This discussion has been locked.
You can no longer post new replies to this discussion. If you have a question you can start a new discussion

A nasty feature of RTX

Hello,

Why does not RTX implement a reference counter for its "tsk_lock"/"tsk_unlock" mechanism?
The way things are implemented at the moment, any task that calls "tsk_unlock" enables the scheduler. But this can cause problems in nested calls; And, can cause a RTX kernel corruption if some code calls this from interrupt mode while a task is executing a RTX API (which assumes scheduler is disabled). There is no indication in the user manual that the kernel can be damaged if the scheduler is enabled from interrupt mode (NOTE: enabling the scheduler from interrupt mode only sets an interrupt line which is inherently safe!).
FreeRTOS has this feature (and much more). Why not RTX?

I know who I vote for...

  • <quote>(NOTE: enabling the scheduler from interrupt mode only sets an interrupt line which is inherently safe!).</quote>

    Tapeer,

    did U mean 2 say inherently unsafe????

    Always yo're freind.

    Zeusti

  • Look, you are clearly not intelligent enough to understand the problem. It would be nice if you actually stopped spamming the forum or at least showed the minimal courage to use your name or at least proper English.

  • Tapeer,

    // response removed to spare ops embarrassment

    Always yo're freind.

    Zeusti.

  • I have reported this issue to Keil support and will report to you if there are any developments.

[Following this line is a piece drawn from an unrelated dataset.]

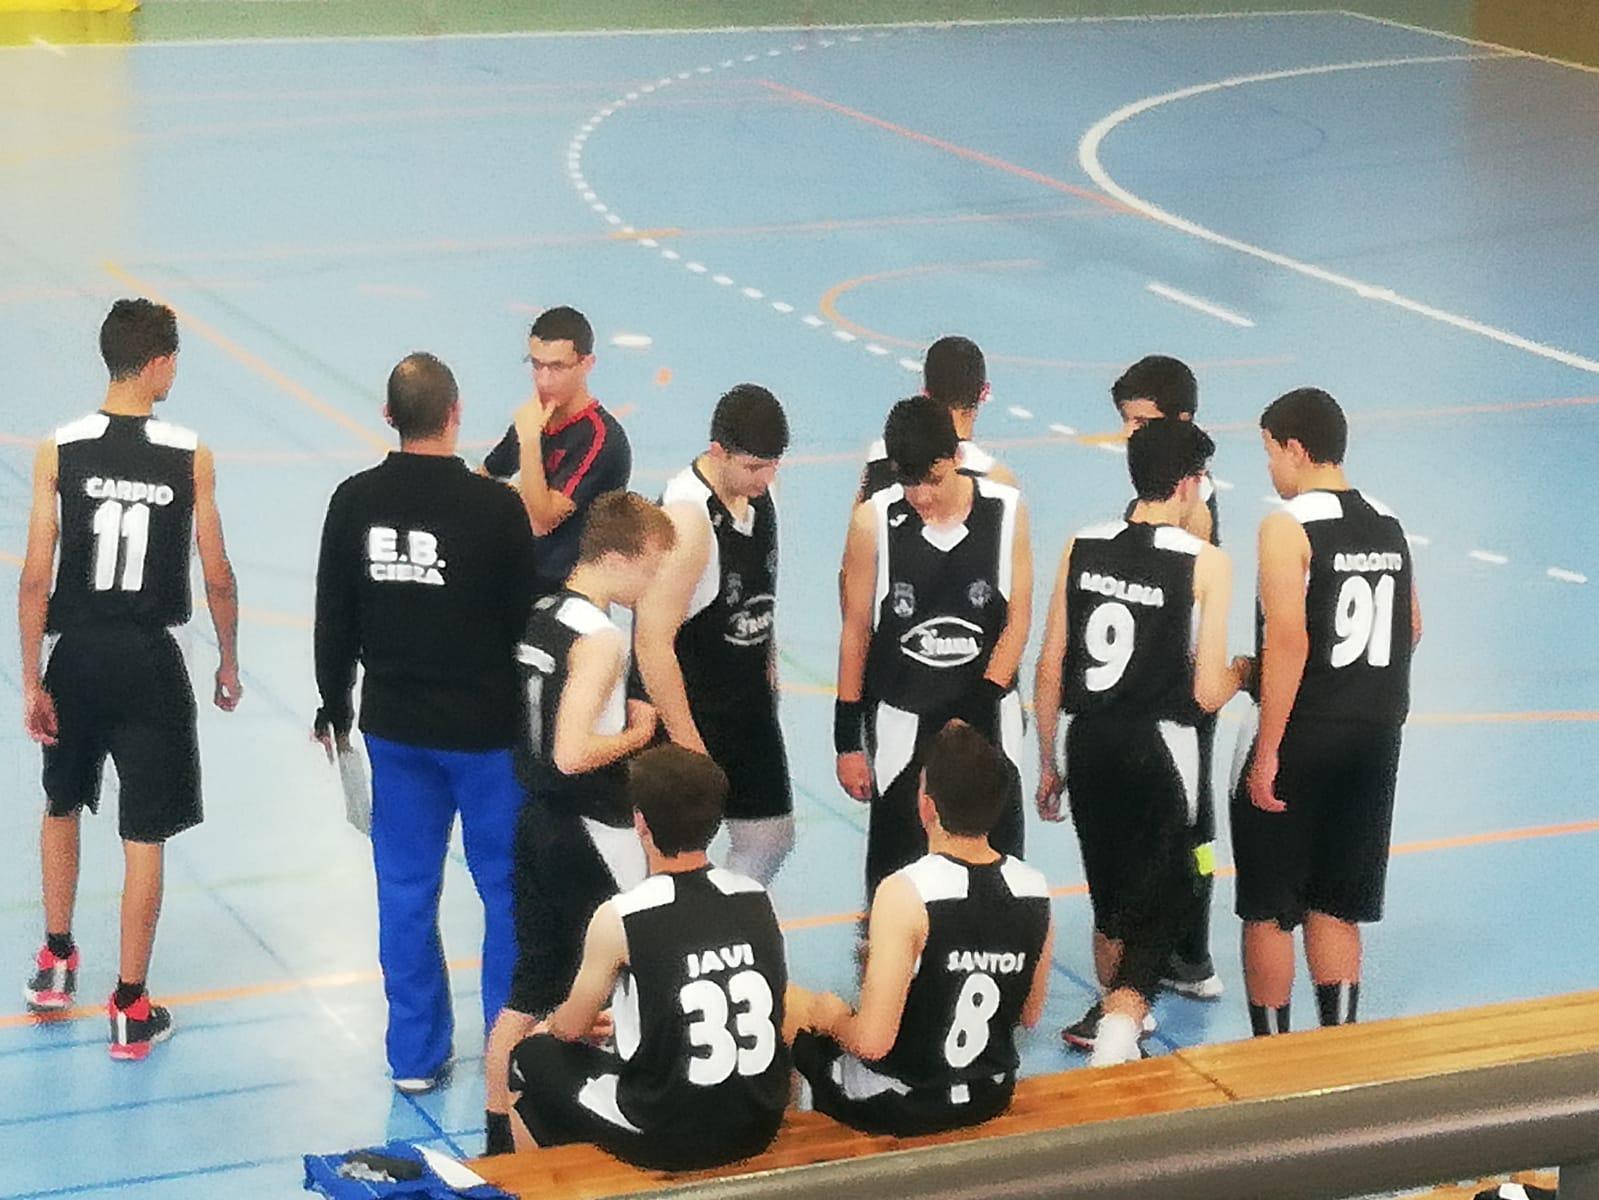 pleno-de-victorias-para-los-equipos-del-cieza-escuela-de-baloncesto

  • Is this a problem or even an issue (apart from it not being explicit in the documentation)?

    The source code for this part is supplied (in RTX_Config.C and RTX_lib.C), so anyone thinking they want to or need to implement a reference counter is free to do so. It's an easy enough bit of code.

    Personally, I'm happy with the way it is currently implemented.

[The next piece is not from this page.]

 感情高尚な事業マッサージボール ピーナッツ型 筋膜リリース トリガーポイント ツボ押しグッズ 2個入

  • In my opinion this is a serious flaw in RTX.
    The above describes a cookbook scenario to destroy the kernel by mistake (or not...): all you have to do is enable the scheduler by mistake in an environment saturated with interrupts and you _will_ corrupt the kernel. Again: I have seen this happening. If you or anybody else are comfortable working with a operating system that has such a feature - suit yourself - that's cool.
    As for implementing this myself - first, we no longer use RTX in new products (FreeRTOS took its place. It is such a great piece of software!). Second - you pay for a licence - don't you think this is something Keil should be taking care of? I do.

  • all you have to do is enable the scheduler by mistake...

    Sorry, but I don't consider a mistake in application code to be a particularly strong argument.

    There are plenty of ways to destroy a kernel with mistakes in application code (e.g., invalid pointers). Would you expect Keil to catch all of those as well?

    you pay for a licence - don't you think this is something Keil should be taking care of?

    I'd say they have taken care of it. They supply the source code for the relevant sections and allow me (as a developer) to modify it as appropriate.

  • We seem to disagree. That's fine.
    Let me just say this: data corruptions of the type you mentioned can be detected by static or dynamic code analyzers. Calling "tsk_unlock" at an unfortunate moment cannot. Also, think of software maintenance. A deadly "tsk_unlock" can sneak into the software because of software reuse, or an inexperienced/unaware developer. Finding out what went wrong can be tedious and not trivial.

  • We seem to disagree. That's fine.

    Agreed.

    What I find strange is your apparent desire/need to scatter your code with the tsk_lock/tsk_unlock calls. I have very few of them and they are normally placed in well defined, easy to manage, positions. But, hey, maybe I'll be bitten soon and I'll change my point of view???

    I'd be interested in knowing how Keil respond.

    Cheers.

  • Actually, the source of the problem was this code:

    #define SERVICE_WATCHDOG   tsk_lock() ;\ 
                               g_application_alive_signals |= ( (int32u)1<<(os_tsk_self() - g_first_task_id) ) ;\ 
                               tsk_unlock() ;\ 
    

    Which allows tasks to set their "alive bit" regularly without servicing the watchdog directly (which happens in one place only if all alive bits are set). Originally, it used a mutex, but "tsk_lock" and "tsk_unlock" are much cheaper, computation wise. However, given the nature of the code, what should have been done is disabling of _all_ interrupts for this short period of time, not just the scheduler (thus, a mutex was insufficient as well).
    Then, this code was introduced into a function that was called both from user mode and interrupt mode (LPC2478) which was called during a long data transfer via the SSP bus. That was enough to cause a arbitrary, random data corruption resulting in entry into abort mode or hanging in a loop in a RTX API.

  • I can see no need for tsk_lock/tsk_unlock.

    The g_application_alive_signals needs to be updated atomic, if accessed also from the IRQ handler. That has nothing to do with the tsk_lock()/tsk_unlock(). The usage of those function is highly deprecated.

  • Just a short follow up:

    Keil have updated the user manual of RTX to indicate that calling "tsk_unlock" from privileged mode is not allowed.